The research, from stain removing brand Vanish, spoke to 1,500 adults and is part of its #LoveforLonger campaign designed to encourage people to expand the lifespan of their clothes.

It revealed that 29% of people throw away clothes because they’re stained, even though those stains could be treated. But in an indictment of our low price fast fashion culture, 23% of consumers said they don’t try to remove the stain because the clothes were cheap to buy.

Additionally, 27% bin clothing items because of a hole that was actually easy to sew up.

Other reasons clothing is discarded is to free up wardrobe space (18%), to get rid of clothes that belonged to an ex (10%), and get rid of clothes that feel 'old' after having been worn a handful of times (12%).

Some 10% of people throw away clothes after just a few wears, again because they were cheap, while one in 20 throw away items that they simply can’t be bothered to return to the retailer.

Interestingly too, 45% of go as far as bagging ip clothes to take to a charity shop, only to throw them away in the end.
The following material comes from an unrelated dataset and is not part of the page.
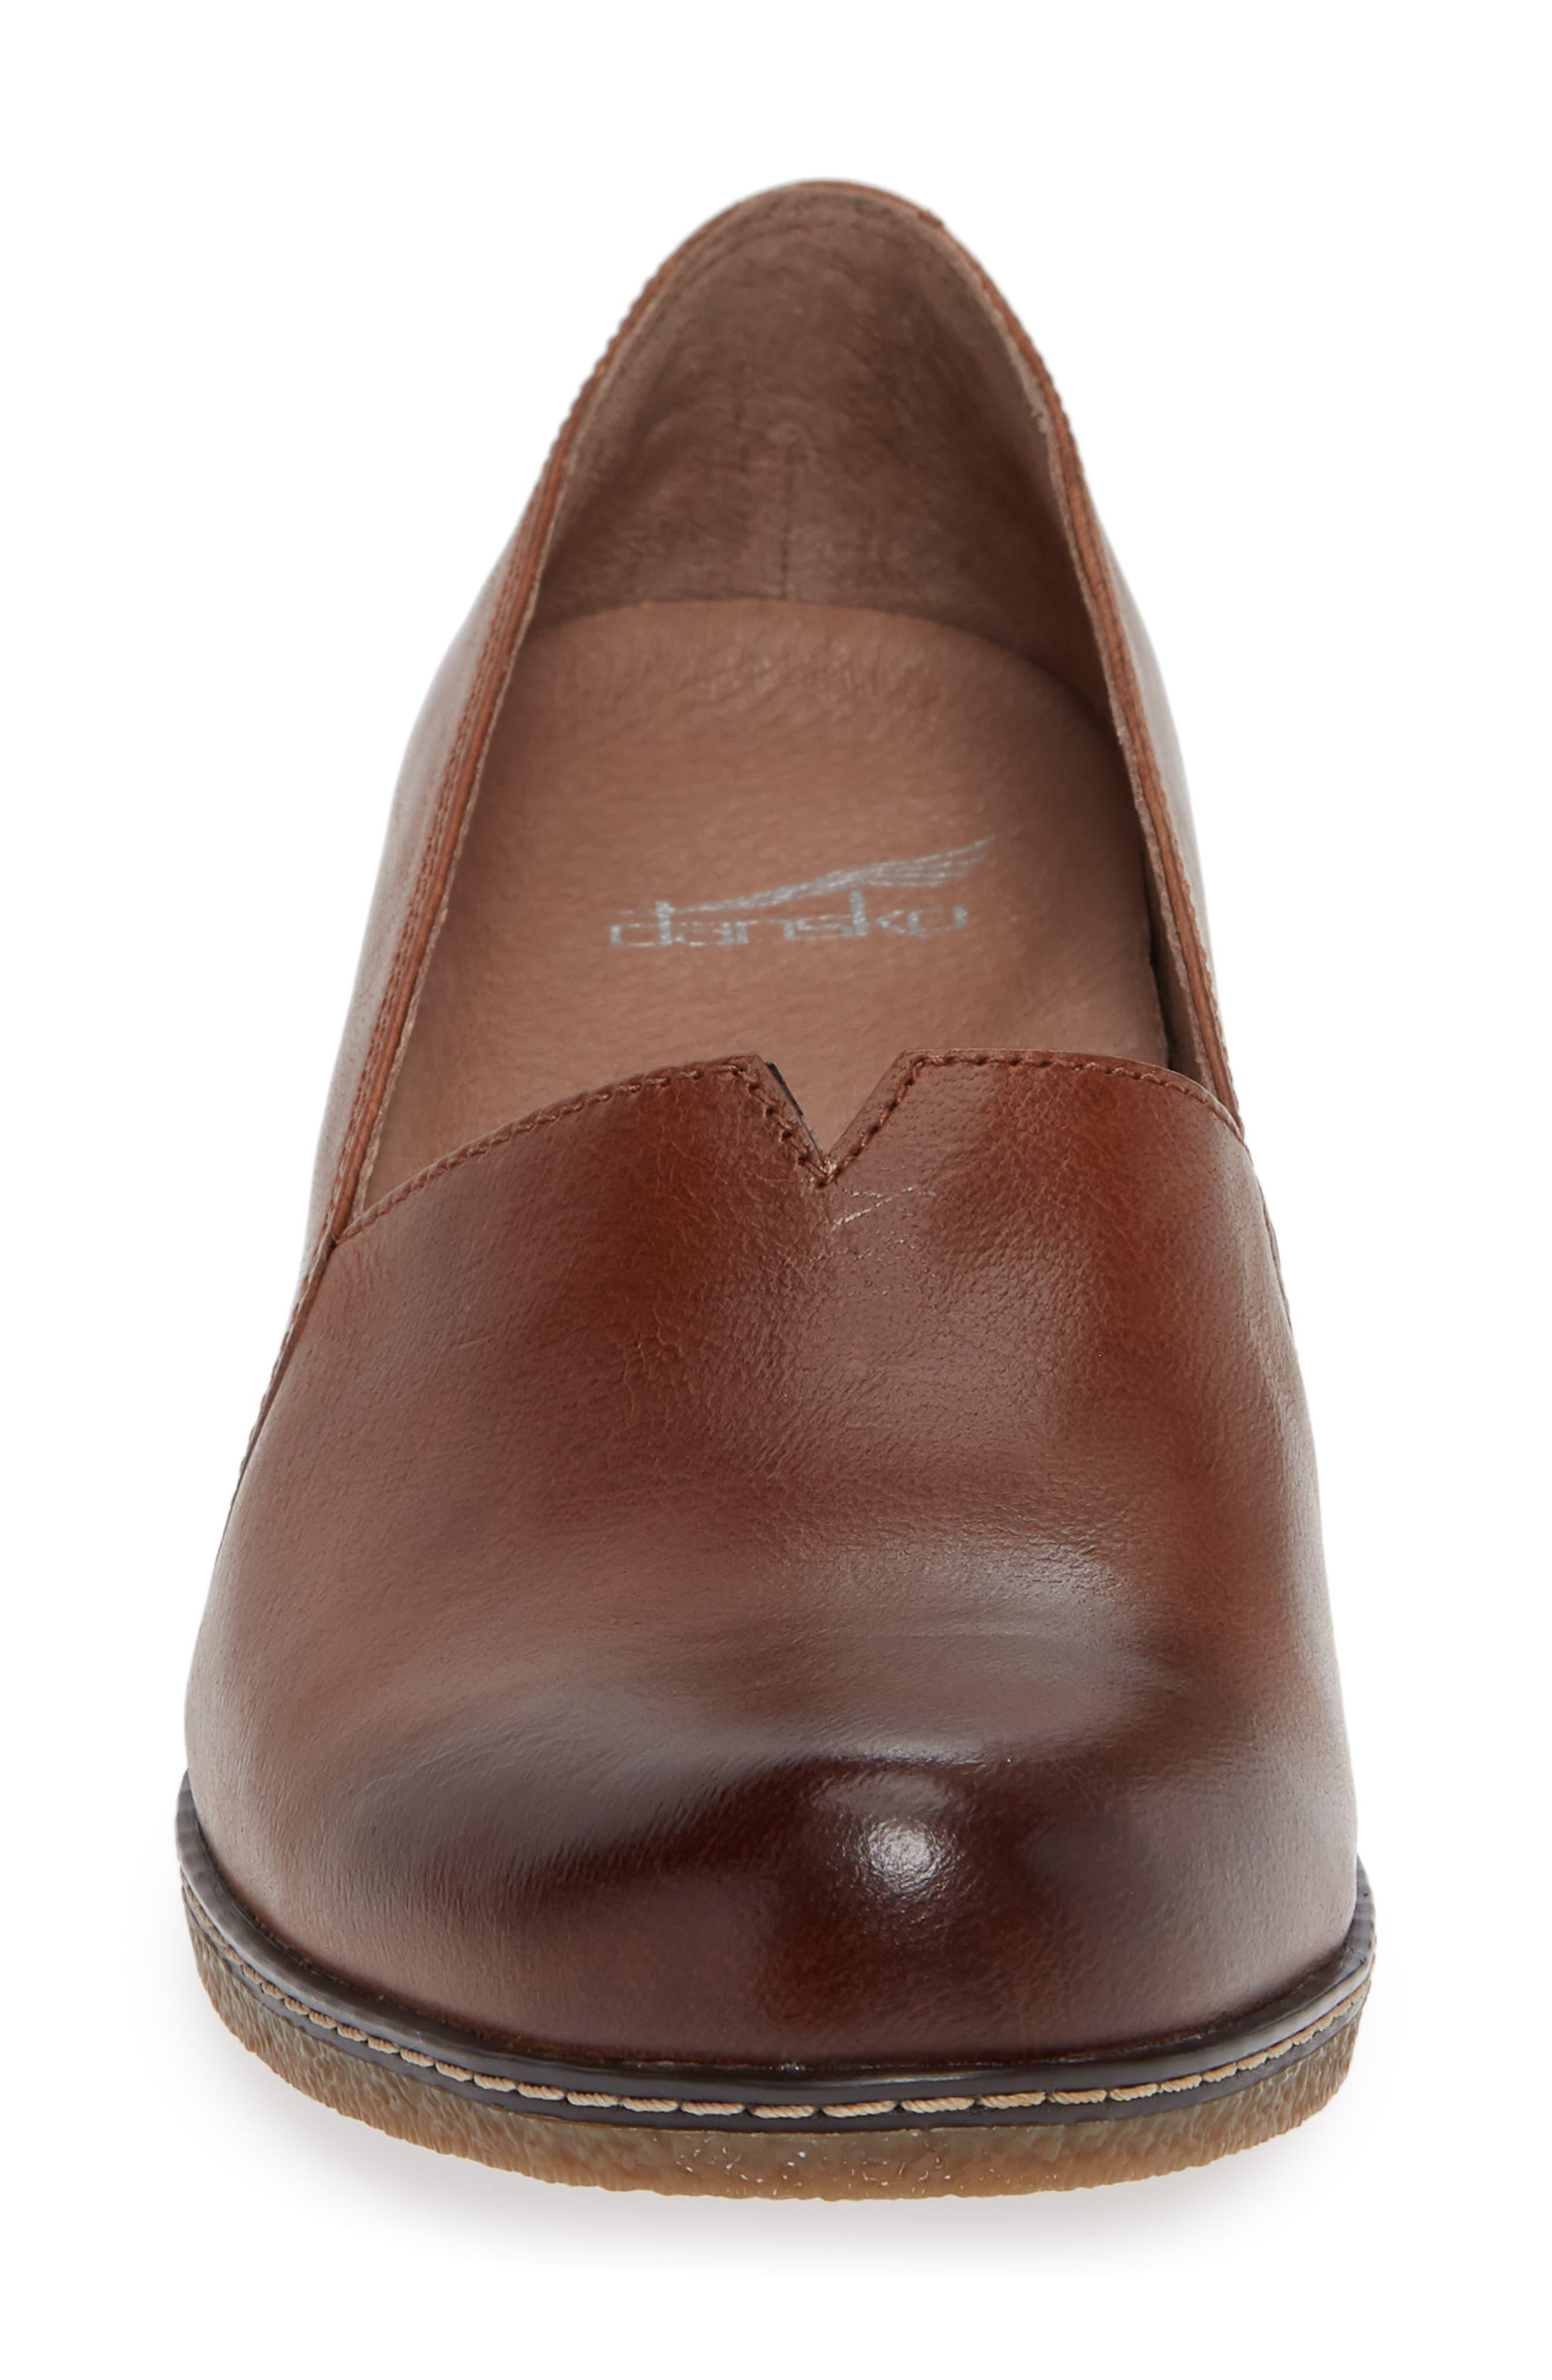 Liliana Concealed Wedge Slip-On,                             Alternate thumbnail 7, color,                             Chestnut Burnished Leather

And 59% of those people said they simply didn’t want the hassle.

The Vanish campaign is, obviously, focused on selling more of its stain-removing product, but it does highlight a major issue of the modern fashion sector.

The trend for consumers to buy ever cheaper fashion and much more of it means an inevitable accumulation of items in their wardrobes and drawers that will need to be addressed at some point.

The research revealed that Britons spend on average £92 a month on new clothes, but typically wear less than half (46%) of their wardrobe. And a new piece of clothing become old in the eyes of consumers after just 20 washes, which on average means just 50 days. 

Vanish also said that 41% of consumers admitted to never having thought about what happens to their clothes when they throw them out and 37% feel no guilt about throwing clothes away. Only 62% know that they end up in landfill with other rubbish after we have thrown them away.

The Vanish campaign also saw it recovering discarded items from landfill sites and removing stains to make them wearable again.